Tools and Editors
AutoCore modules expose their configuration as a JSON Schema, and the IDE
renders that as a form. Some modules need more than a form — the labelit
vision module, for example, needs an image viewer with edge-detection overlays,
draggable scan regions, and live placement preview. Those richer editors, and
standalone utilities in general, are delivered as tools.
A tool is a standalone program — usually a small web server — that the platform knows about through the tool registry. The registry lets:
autocore-serversupervise long-running tools (start them with the server, stop them on shutdown, restart them on demand);autocore-idediscover which module domains have a rich editor and offer an Open editor action for them;- packages register and unregister tools automatically on install/remove.
The first tool is labelit-studio, the configuration editor for the vision (labelit) module. This chapter explains the registry, how to operate and configure tools, and how to add new ones.
Tools versus modules
| Module | Tool | |
|---|---|---|
| Connects to the server over IPC | Yes | No |
| Receives its config on the command line | Yes (--config) | No |
| Participates in the control loop | Yes | No |
| Typically a… | hardware/service driver | web UI / editor / utility |
| Discovered from | project.json modules | the tool registry (tools.d/) |
| Examples | modbus, ethercat, ni, labelit | labelit-studio |
A tool is independent of any one project — its editor is available even when no
project is loaded.

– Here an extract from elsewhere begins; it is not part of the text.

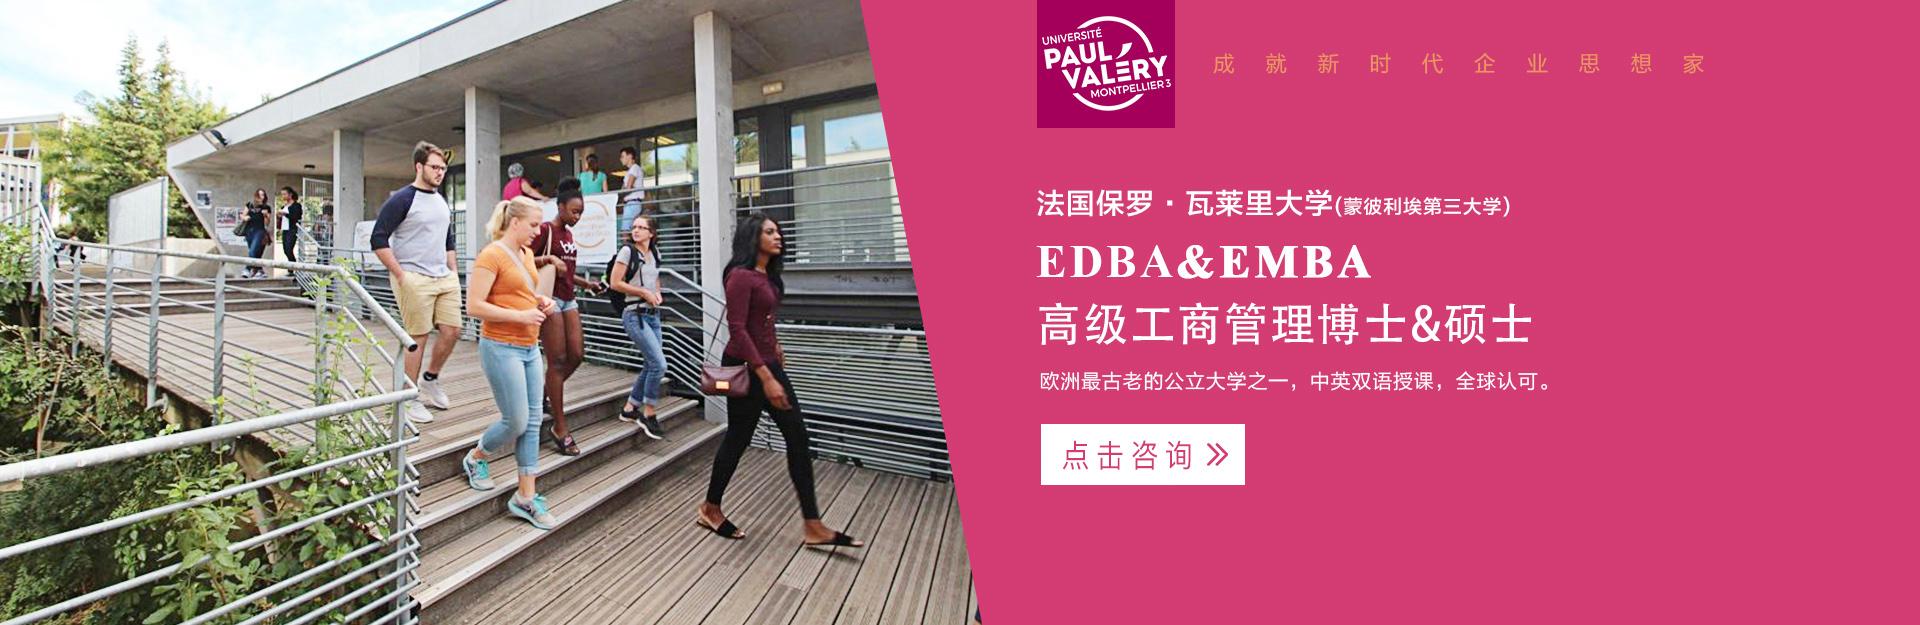 法国保罗•瓦莱里大学EMBA和EDBA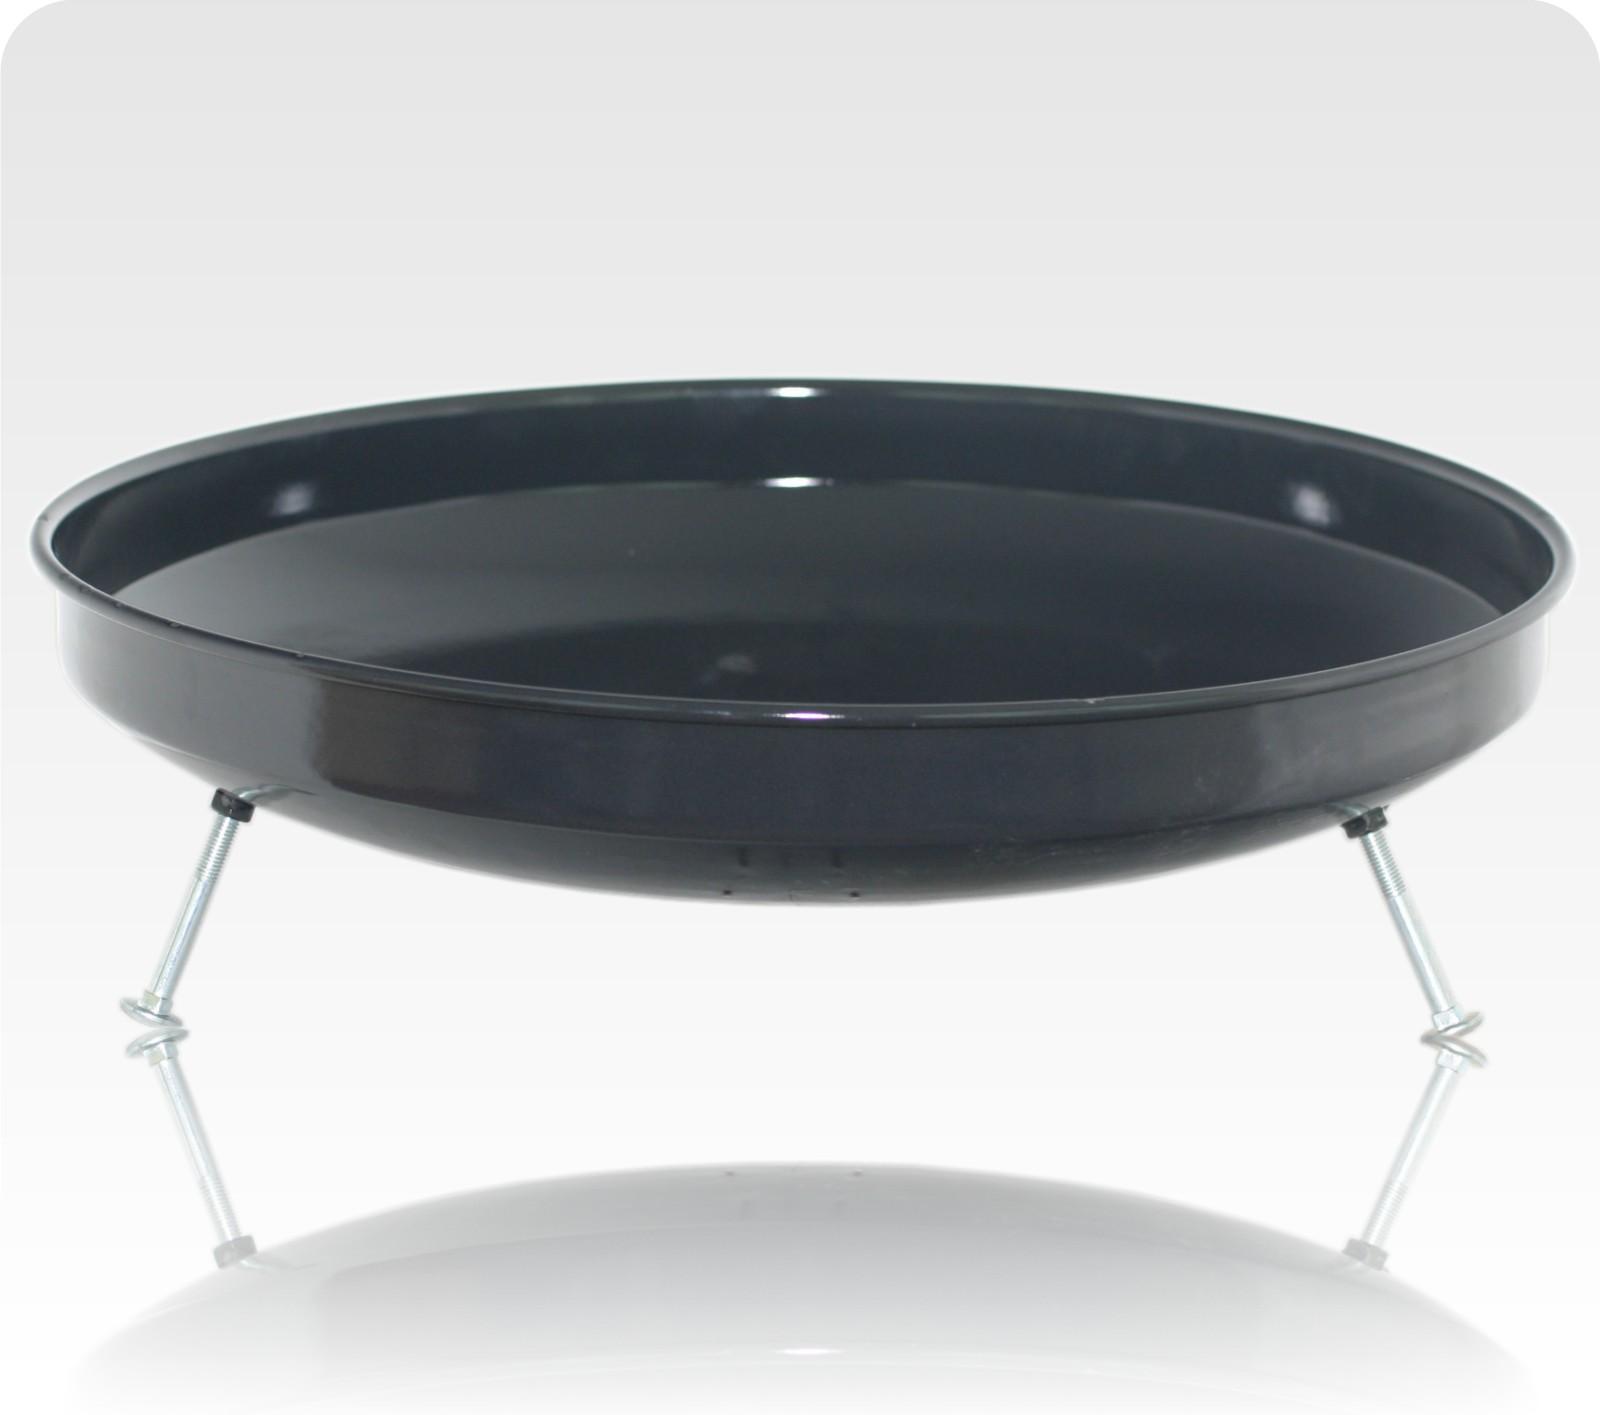 49 cm ungarische feuerschale gro f r gulaschkessel feuerstelle emailliert ebay. Black Bedroom Furniture Sets. Home Design Ideas

The vision module (labelit) runs the camera and label
placement; the vision tool (labelit-studio) edits that module’s config.
The registry on disk
Everything lives under the AutoCore config directory (/srv/autocore/config on
a deployed machine; AUTOCORE_CONFIG_DIR overrides it):
/srv/autocore/config/
├── config.ini # server + module config
├── tools.d/ # MANIFESTS — owned by the installing package
│ └── labelit-studio.json
└── tool-settings/ # SETTINGS — runtime, survive upgrades
└── labelit-studio.json
Two ideas matter:
- The manifest is package-owned; the settings are not. A manifest
describes what a tool is (its executable, what it edits, defaults) and is
shipped inside the
.deb, so an upgrade replaces it freely. Settings are what an admin chose (the actual port, enabled/disabled, bind address) and live in a separate directory the package never touches, so upgrades never reset a field-configured port. - dpkg owns the manifest file. A package contributes a tool simply by
shipping its manifest into
tools.d/. Installing the package registers the tool; removing it deregisters — handled by the package manager, with no shared file to edit.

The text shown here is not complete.